Output the whole listing below exactly, omitting the images.

DATASET SECTION:

══════════

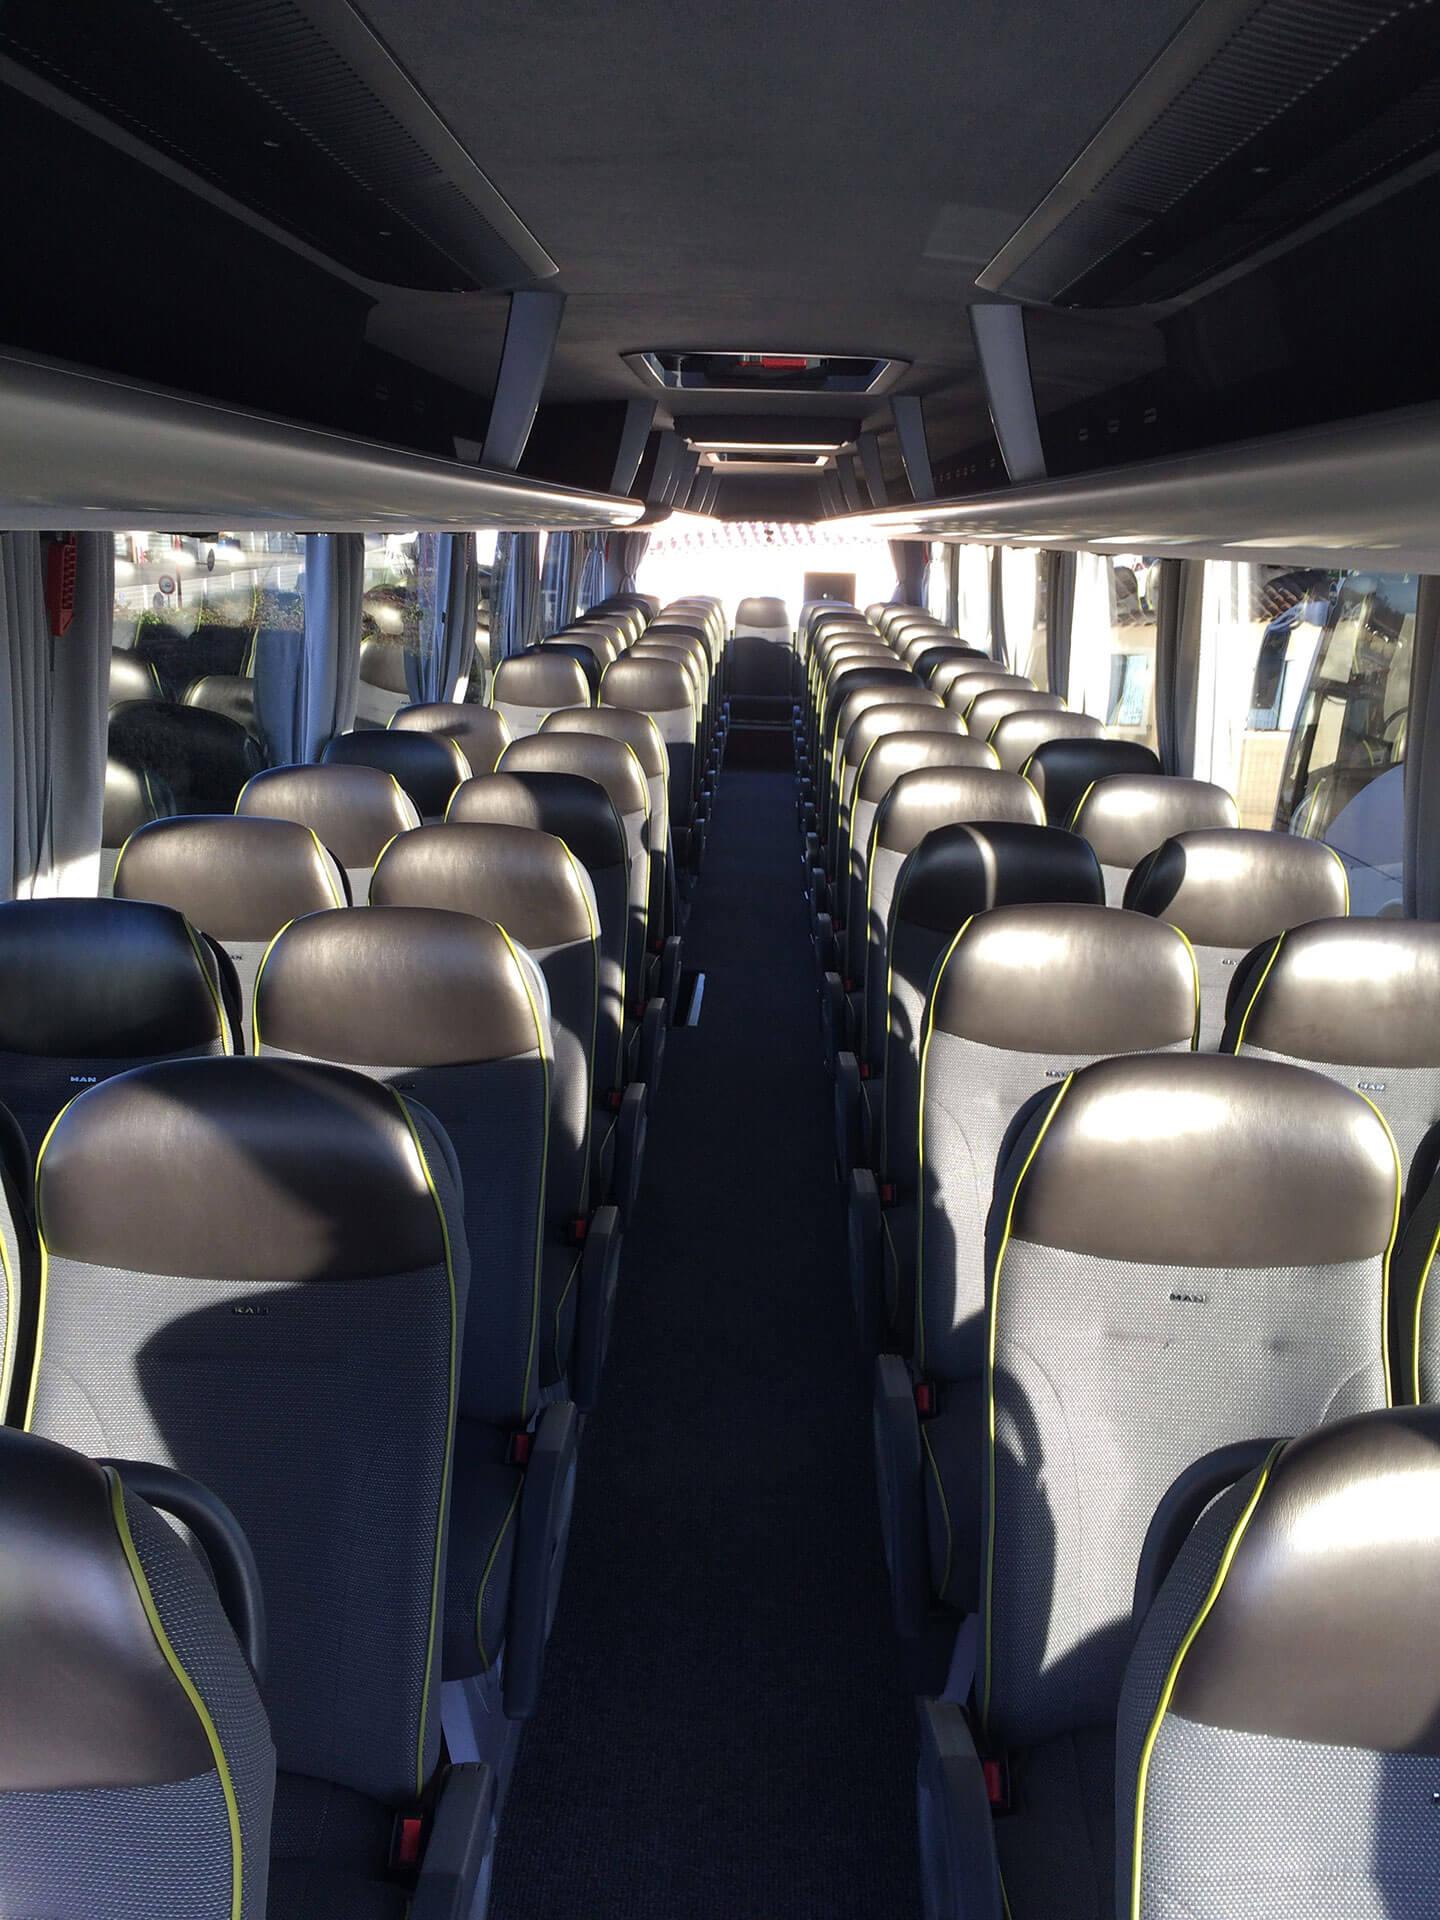 autocars Aix-en-Provence location Autocars Burle
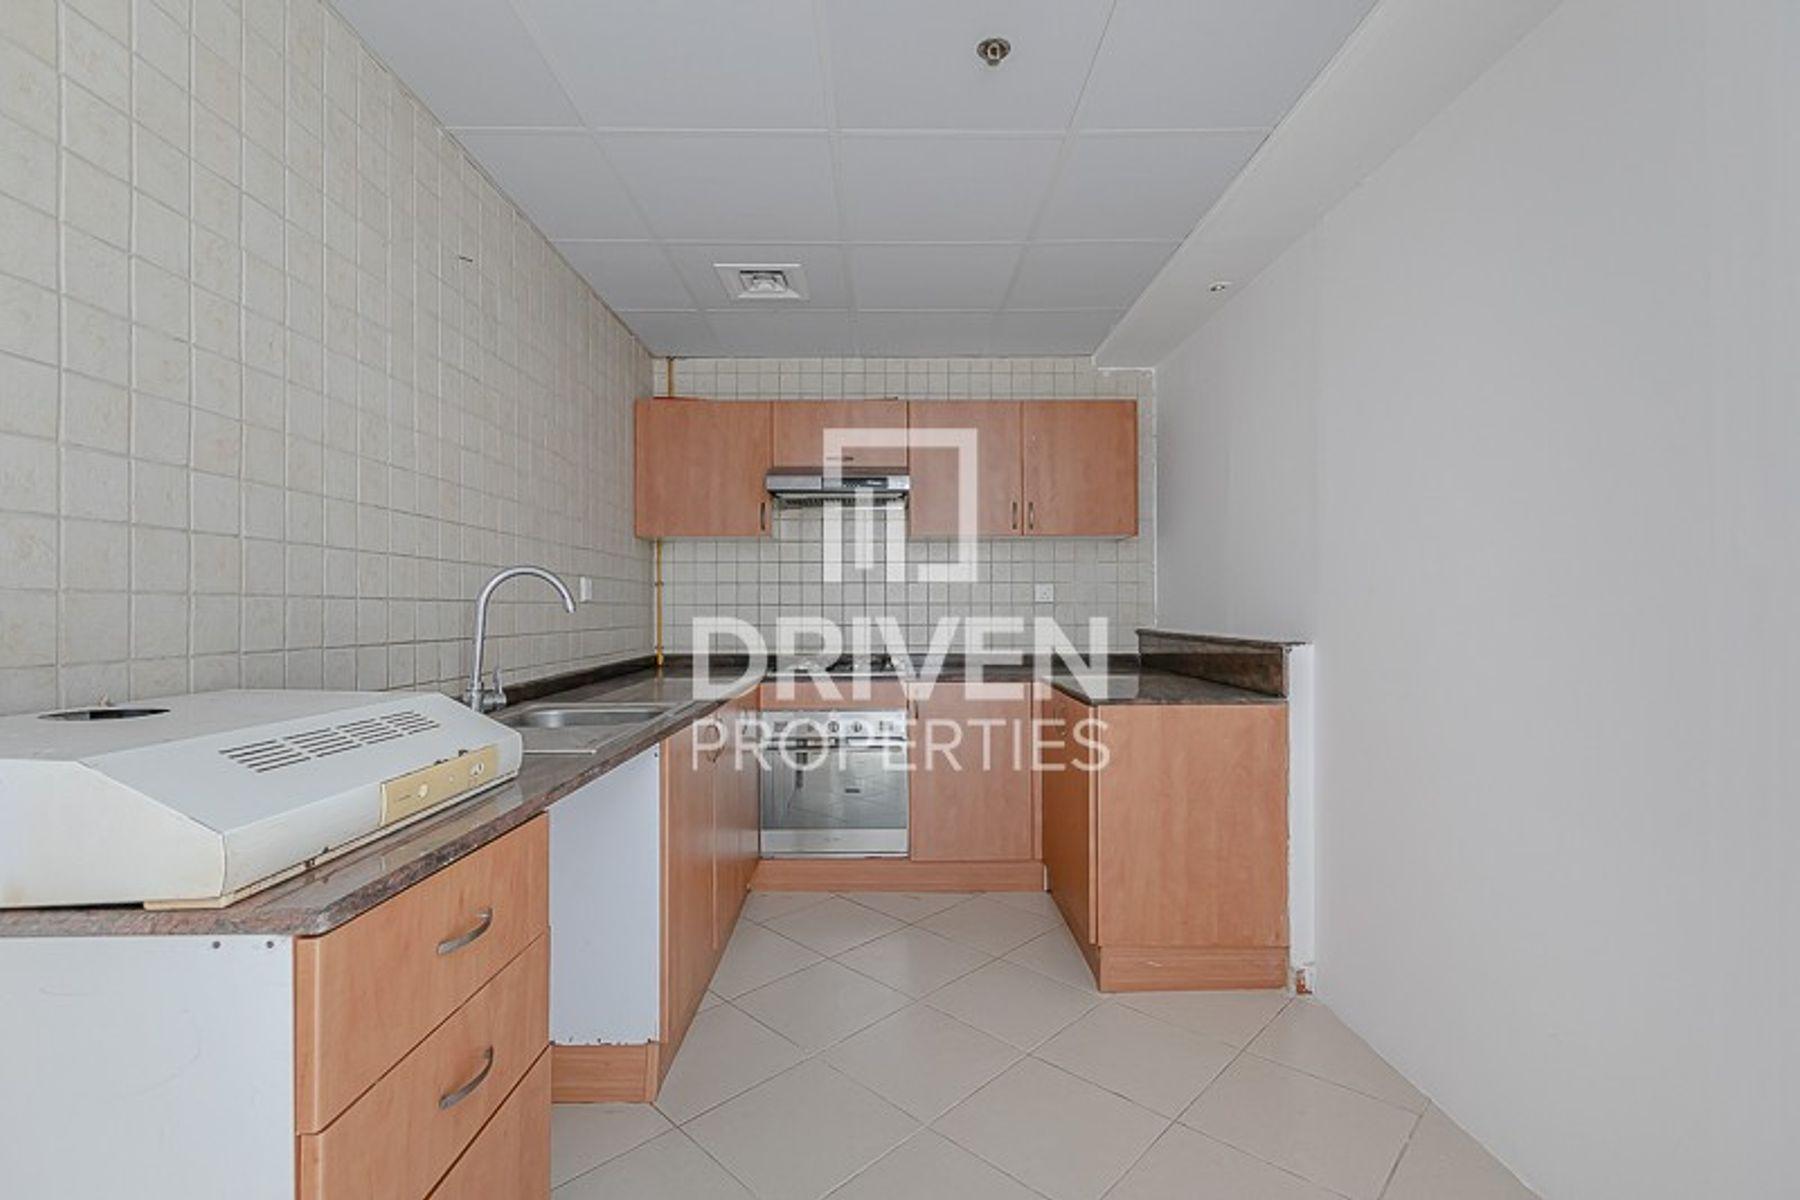 754 قدم مربع  شقة - للايجار - دبي مارينا
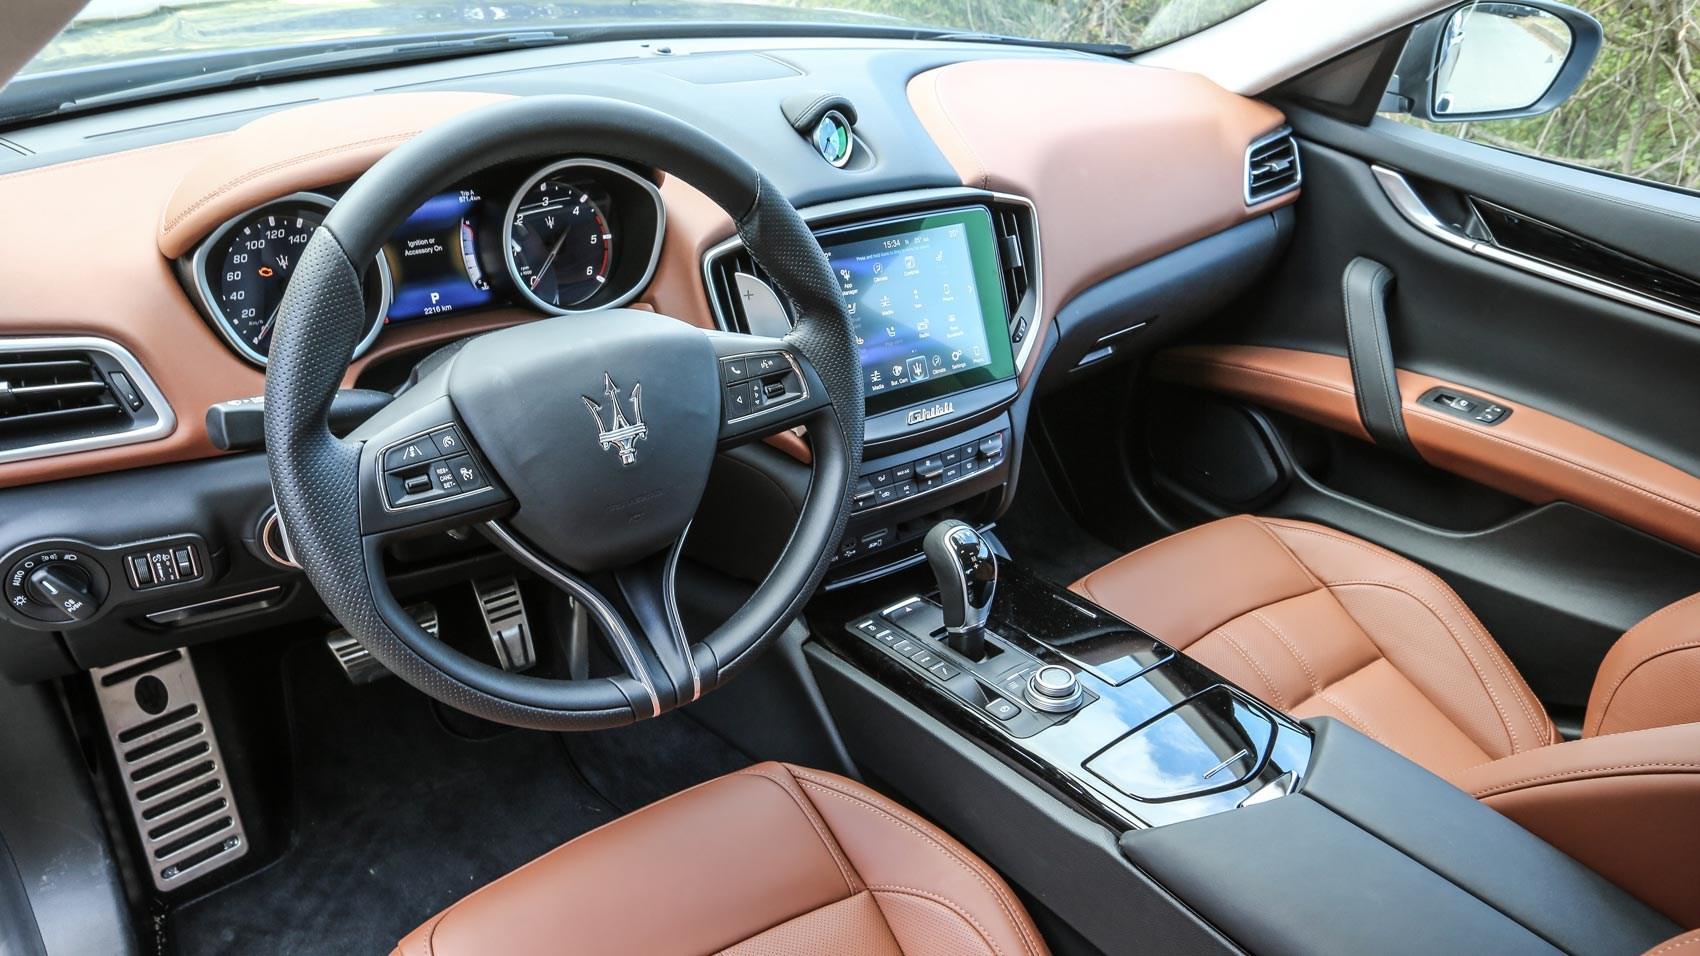 2018 maserati quattroporte interior. plain interior 2016 maserati ghibli diesel inside 2018 maserati quattroporte interior h

══════════

RESPONSE FOR THIS EXERCISE:
 autocars Aix-en-Provence location Autocars Burle
 754 قدم مربع  شقة - للايجار - دبي مارينا
 2018 maserati quattroporte interior. plain interior 2016 maserati ghibli diesel inside 2018 maserati quattroporte interior h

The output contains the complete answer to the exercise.